Были сделаны все попытки умилостивить водные силы – не жалели ни жертв, ни молений, скот целыми стадами загонялся в море, но бедные рогатые твари приплывали назад к берегу с раздутыми чревами и торчащими кверху копытами – море отвергало примирительную жертву.
И клич раздался по всей стране, все поднялись и встретились в сердце Ютландии на возвышенности Вебьерга – и кимвры, и гарды, и обы, и жители более южных областей, и обитатели Саллинга и Тю; всякая родовая вражда была на время забыта; наводнения грозили всей Ютландии; и когда все родовые старейшины и вожди собрались, то устроили торжественное всенародное вече и вызвали море на суд.
Да, все мудрые бонды единодушно встали на защиту своих древних прав на эту землю: она испокон веков принадлежала им, вот до таких-то и таких-то границ, а море ведет себя, как настоящий разбойник, хищный грабитель!

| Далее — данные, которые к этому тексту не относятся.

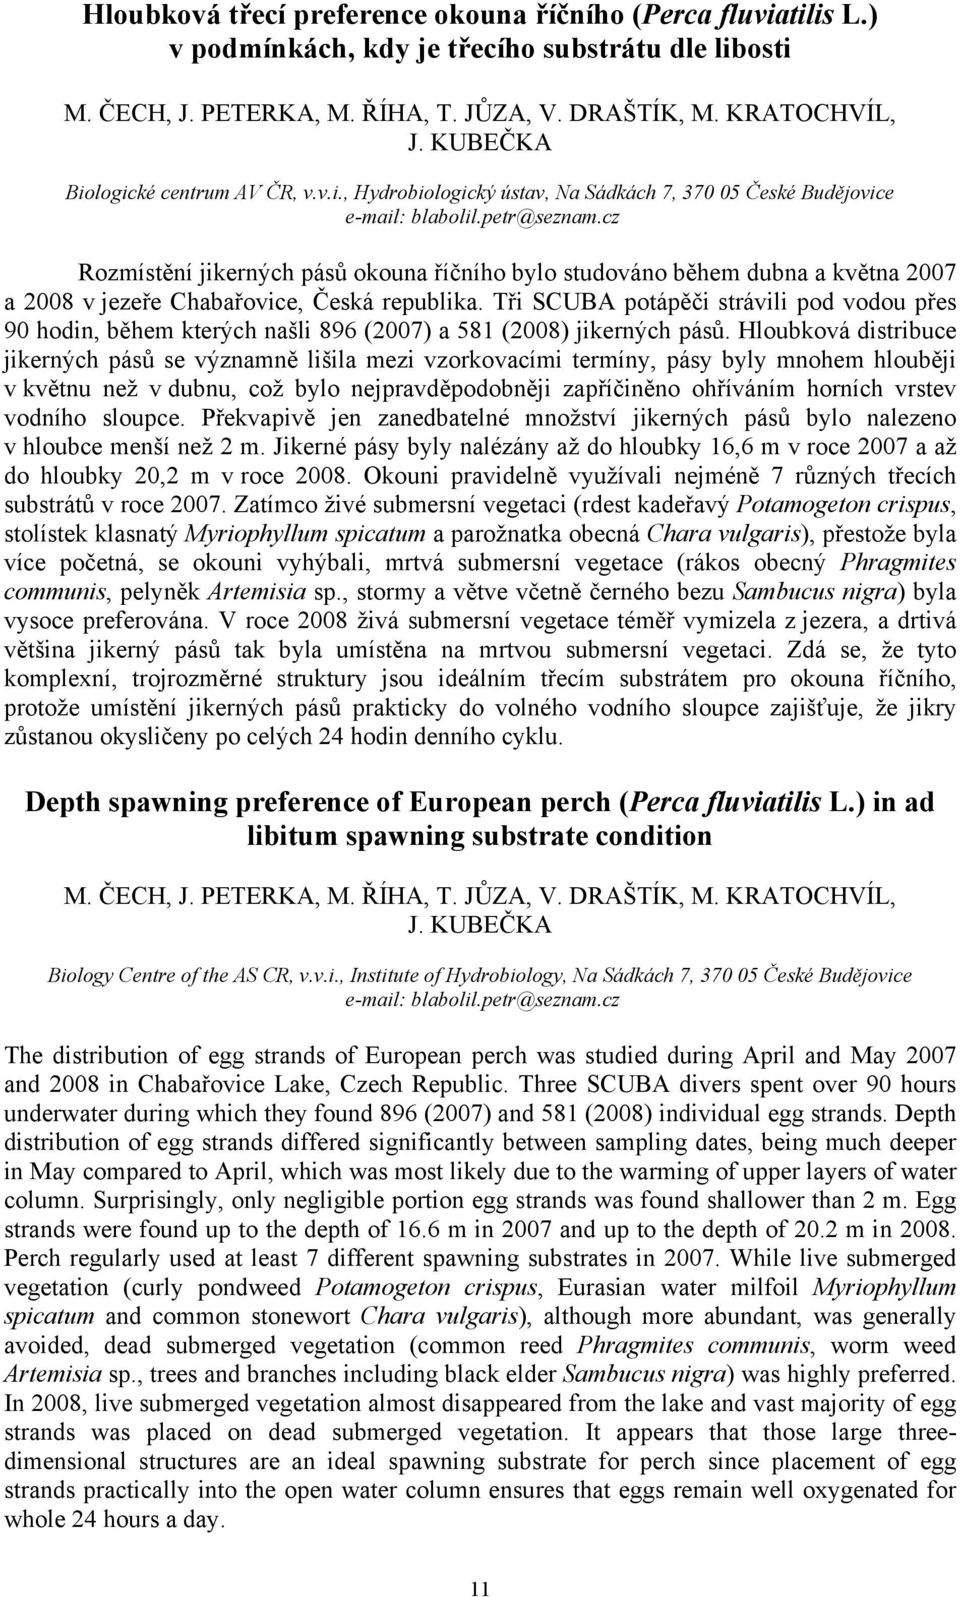 cz Rozmístění jikerných pásů okouna říčního bylo studováno během dubna a května 2007 a 2008 v jezeře Chabařovice, Česká republika.

Вот как клеймили они его поведение. И море словно приняло вызов – в том же году оно обрушилось на страну такими чудовищными черными и свирепыми волнами, что они оказались в силах вынести на сушу целого кита, который потом целое лето гнил и вонял на поле так близко от самого Вебьерга, что хорошо был виден с возвышенности. Море не пожелало подчиниться постановлению знатных бондов и держаться в своих берегах; видно, напрасно было затевать с ним тяжбу!
Некоторые из молодых воинов, которым путь закона казался слишком долгим, составили целый отряд, как и следовало ожидать, с Бойериком во главе и решили произвести вооруженное нападение на море. Да, сомкнутым боевым строем, в полном вооружении, поскакали они к Каттегату и, вызывая волны на бой, рассекая их копьями, ринулись на конях вброд, дошли до вторых бурунов и… повернули вспять: море только все шире разевало пасть и окатывало всадников соленой водой. Поход не удался.
В тот же год Бойерик исчез вместе с отрядом кимвров – как говорили, ушел на юг; и наводнение наводнением, а в его отсутствие люди вздохнули как-то полегче в тех местах, где он обыкновенно проживал; рабы и те встрепенулись, залечили раны, нанесенные бычьей уздой, всласть скребли себе спины, где только рука хватала, и даже издавали какие-то звуки, похожие на мурлыкание. Да и многие из свободнорожденных подняли головы и приосанились. Но через несколько месяцев скромность к ним вернулась, и рабы перестали напевать – Бойерик возвратился.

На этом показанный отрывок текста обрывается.